The mystifying part of it was how the Johurá fit in. These groups all operated on the edges of the Amazon jungle, but that was like saying Los Angeles and Hong Kong both shared an ocean. The sparsely populated Maici River basin, where the Johurá lived, had roughly the land area of France, and it was located in the state of Rondônia in Brazil, nowhere near Colombia or Peru. The guerrilla groups weren’t exactly close to each other either, but they were separated from the Johurá by what would be a two-hour plane flight over a thousand kilometers of the most trackless and unexplored jungle in the world. How was it possible that these terrorist organizations were using such an obscure language to communicate?

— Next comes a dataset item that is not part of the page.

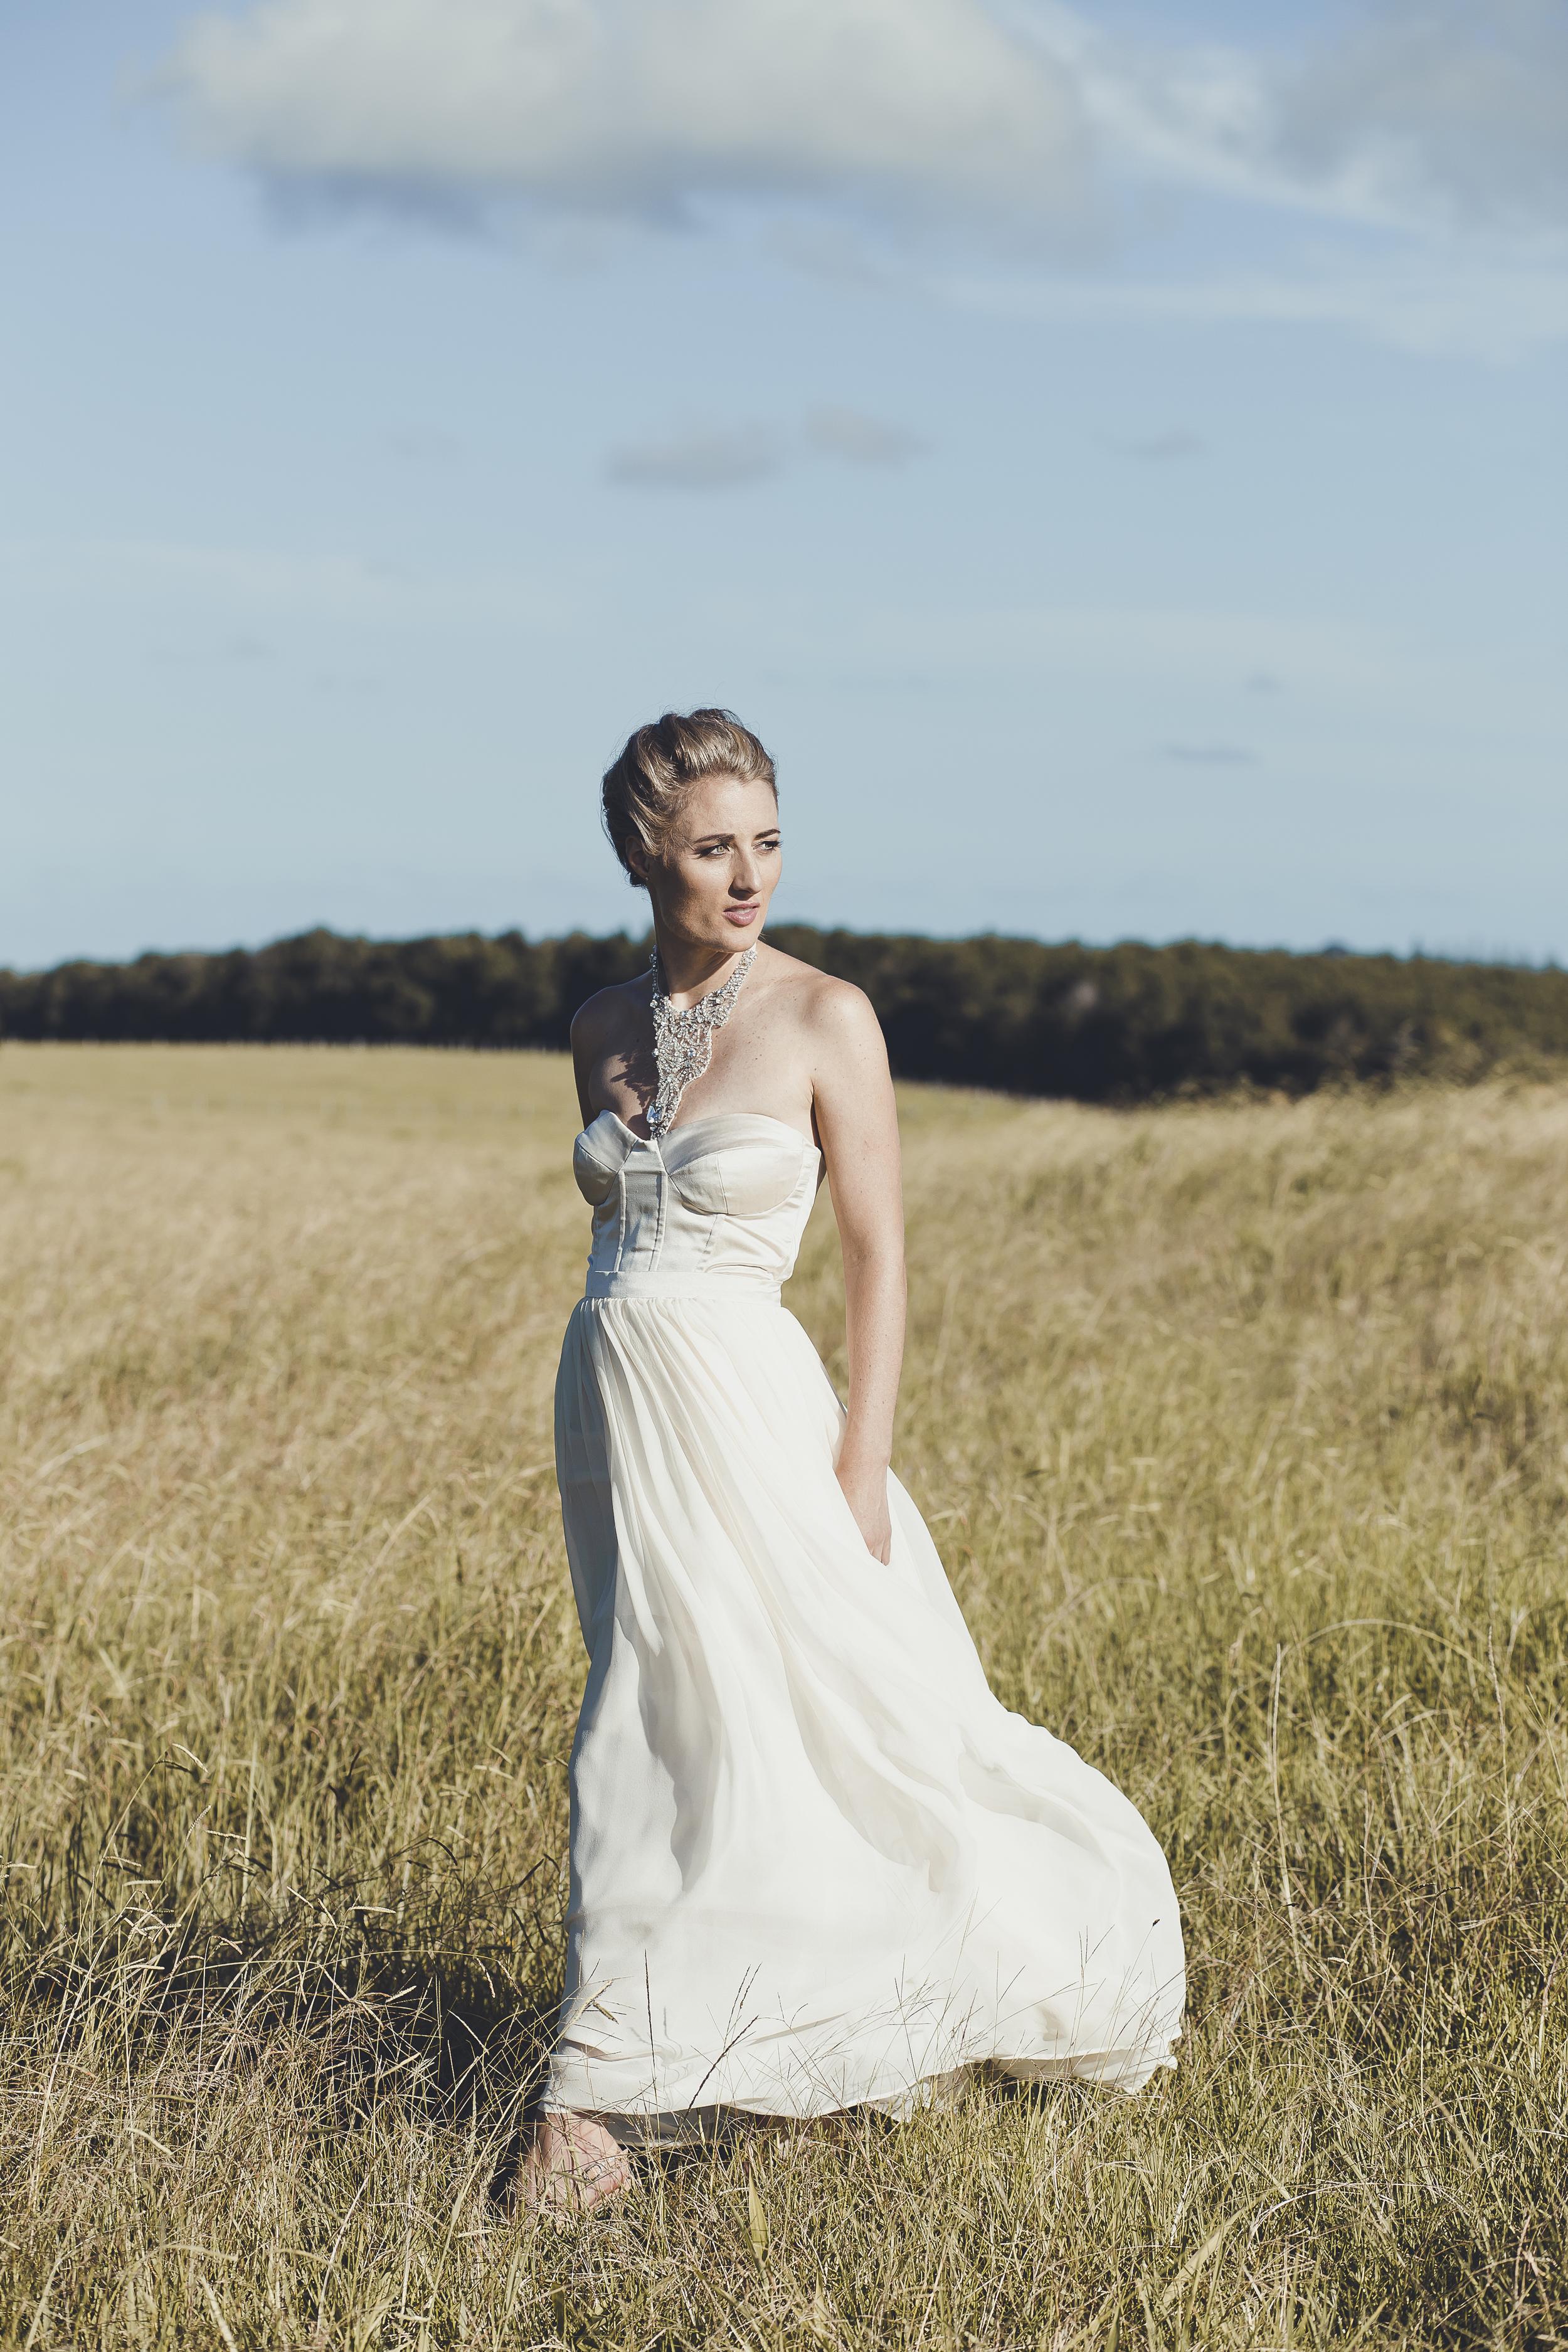 Byron Bay Wedding Harvest Cafe - Carly Tia Photography 021.jpg

Melody’s superiors didn’t care much about how the messages were encoded; they just cared about the political implications of the information we were deciphering. The operation grew bigger than just our little group, as whole divisions of the NSA concerned with South America—not to mention their counterparts in the CIA—added their opinions and analyses to the growing pile of intelligence. We were rapidly sidelined, since the messages were no longer indecipherables. Two linguists began studying Johurá with Katherine Wyatt, and I didn’t see her anymore.